Grouping Proteins According to Structural Features
Bonnie Kirkpatrick, University of California, Berkeley
The Protein Data Bank (PDB) contains more than 32,000 experimentally solved protein structures. The Structural Classification of Proteins (SCOP) database, a manual classification of these structures, cannot keep pace with the rapid growth of the PDB. We will provide an automatic classification of proteins which reflects the manual classification. We use structurally derived features to cluster groups of related proteins. Each cluster has a maximal set of shared features, or fingerprint.
When given a group of proteins and a target protein, the LGA algorithm creates one structural alignment of each protein to the target protein. We use the Gaussian Mixture Model to cluster the proteins according to the structural regions they share with the target. Taking each of the proteins in turn as the target yields an ensemble of clusters, multiple partitions on the same set of proteins.

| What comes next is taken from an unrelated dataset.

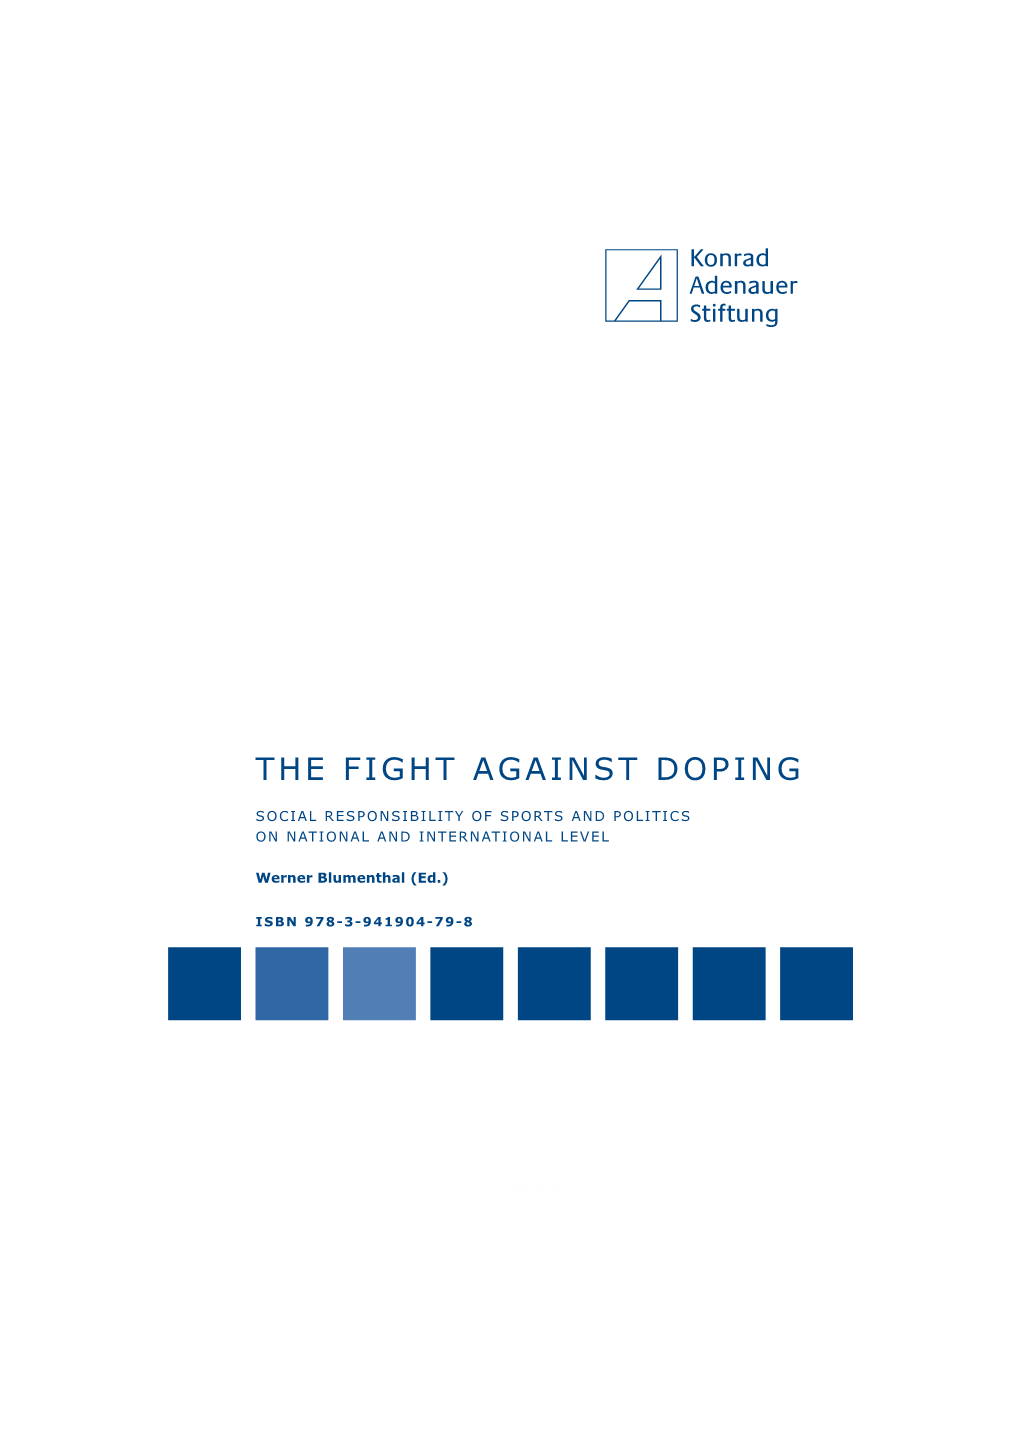 The Fight Against Doping

Discrepancies are resolved by grouping together proteins that clustered together across many of the partitions.
The test data is comprised of PDB structures having resolutions ranging from 0.54Å (X-ray structures) to greater than 15Å (electron microscopy). Despite this noise, the robust nature of our clustering method detects relationships on the level of the SCOP superfamily with 88% accuracy and a low false positive rate.
Future work involves predicting the family and superfamily to which a new structure belongs. Comparison with the structural fingerprint determines whether a new structure belongs to the cluster. Initial results indicate that the fingerprint derived directly from a SCOP family can predict membership with almost complete accuracy.
Abstract Author(s): Kirkpatrick, B., Zhou, C., and Zemla, A.